- Born: May 5, 1958 (age 68) Tokyo, Japan
- Genres: Classical
- Occupation: Conductor
- Instruments: Piano, viola
- Years active: 1984-present
- Member of: Kyoto Symphony Orchestra (2008-present)
- Formerly of: NHK Symphony Orchestra (1985) Norrköping Symphony Orchestra (1991-1996) Limburgs Symfonie Orkest (1998-2000) Japan Philharmonic Orchestra (guest) Royal Liverpool Philharmonic Orchestra (guest) Columbus Symphony Orchestra (2006-2008)

= Junichi Hirokami =

Japanese conductor

Junichi Hirokami (広上 淳一, Hirokami Jun'ichi) is a Japanese conductor.

Born in Tokyo, Hirokami studied conducting, piano, musicology, and viola at the Tokyo College of Music. He won the first Kondrashin International Conducting Competition in Amsterdam in September 1984 at age 26. One of the judges of that competition, pianist Vladimir Ashkenazy, then engaged Hirokami to conduct the NHK Symphony Orchestra on a tour of Japan with Ashkenazy in May 1985.

From 1991-1996, he was Chief Conductor of the Norrköping Symphony Orchestra. He served as Chief Conductor of the Limburg Symphony Orchestra from 1998 to 2000. He has also been the Principal Guest Conductor of both the Japan Philharmonic Orchestra and the Royal Liverpool Philharmonic Orchestra.

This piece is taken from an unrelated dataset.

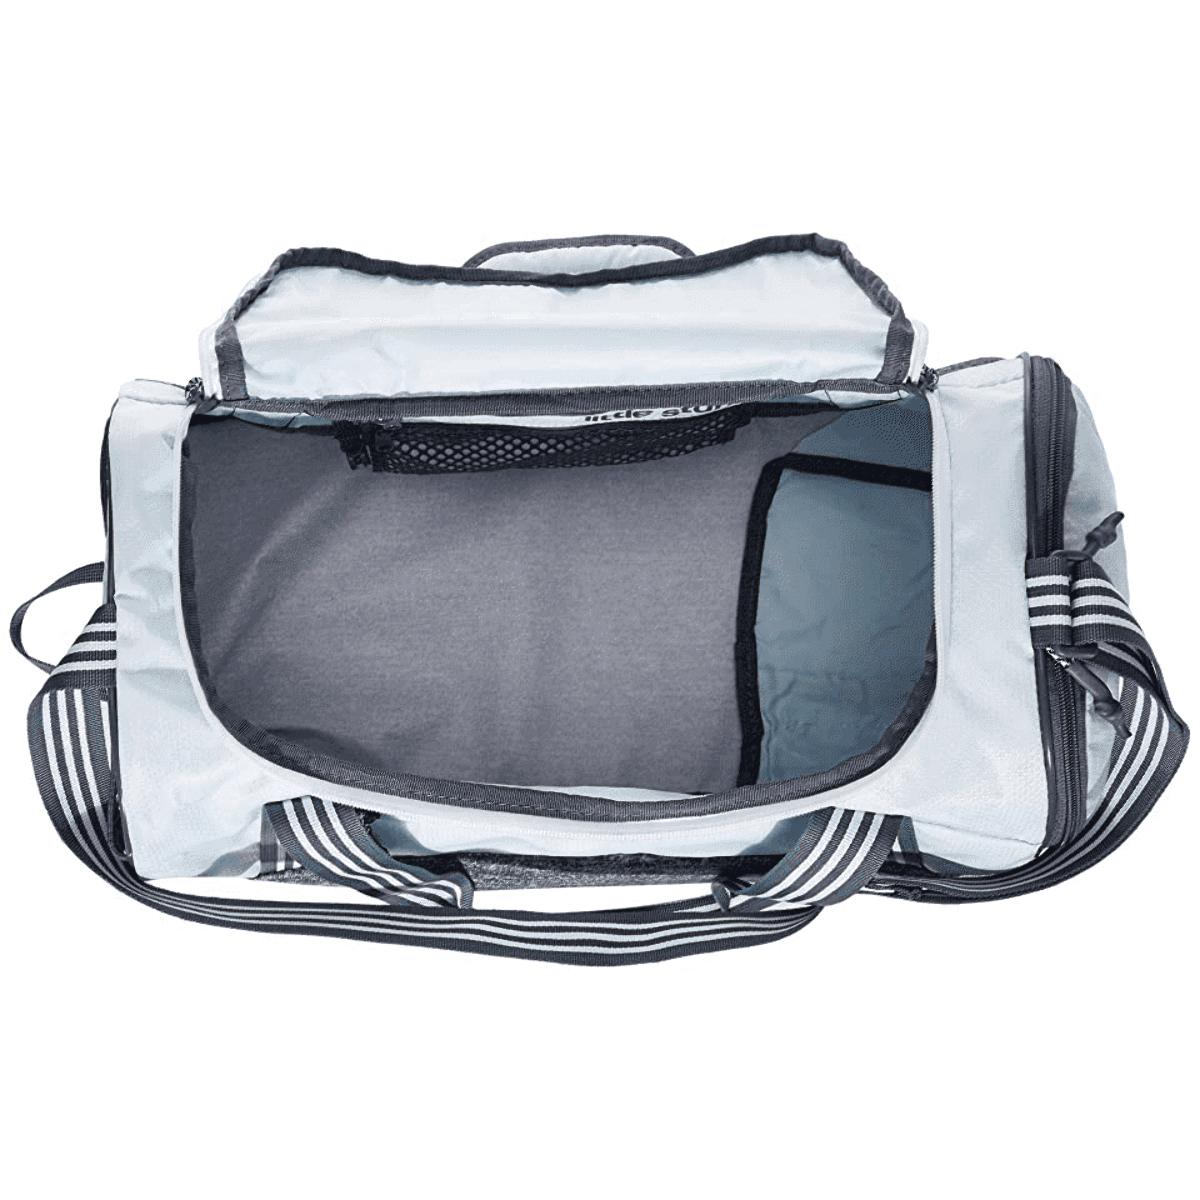 Adidas Squad LV Duffle Bag - Color: Sky Tint Blue/Jersey Onix - Size: One Size, Sky Tint Blue/Jersey Onix, large, image 3

Hirokami became the music director of the Columbus Symphony Orchestra on June 1, 2006, with an initial contract for 3 years. During the orchestra's 2008 financial crisis, Hirokami strongly supported the musicians during a protracted contract dispute, which caused strained relations between Hirokami and the orchestra's board and management. On November 13, 2008, in a letter to the orchestra's musicians, Hirokami announced that the board of the Columbus Symphony Orchestra had dismissed him from his post, effective immediately. Since April 2008, he has served as Chief Conductor of the Kyoto Symphony Orchestra, with an initial contract of 3 years.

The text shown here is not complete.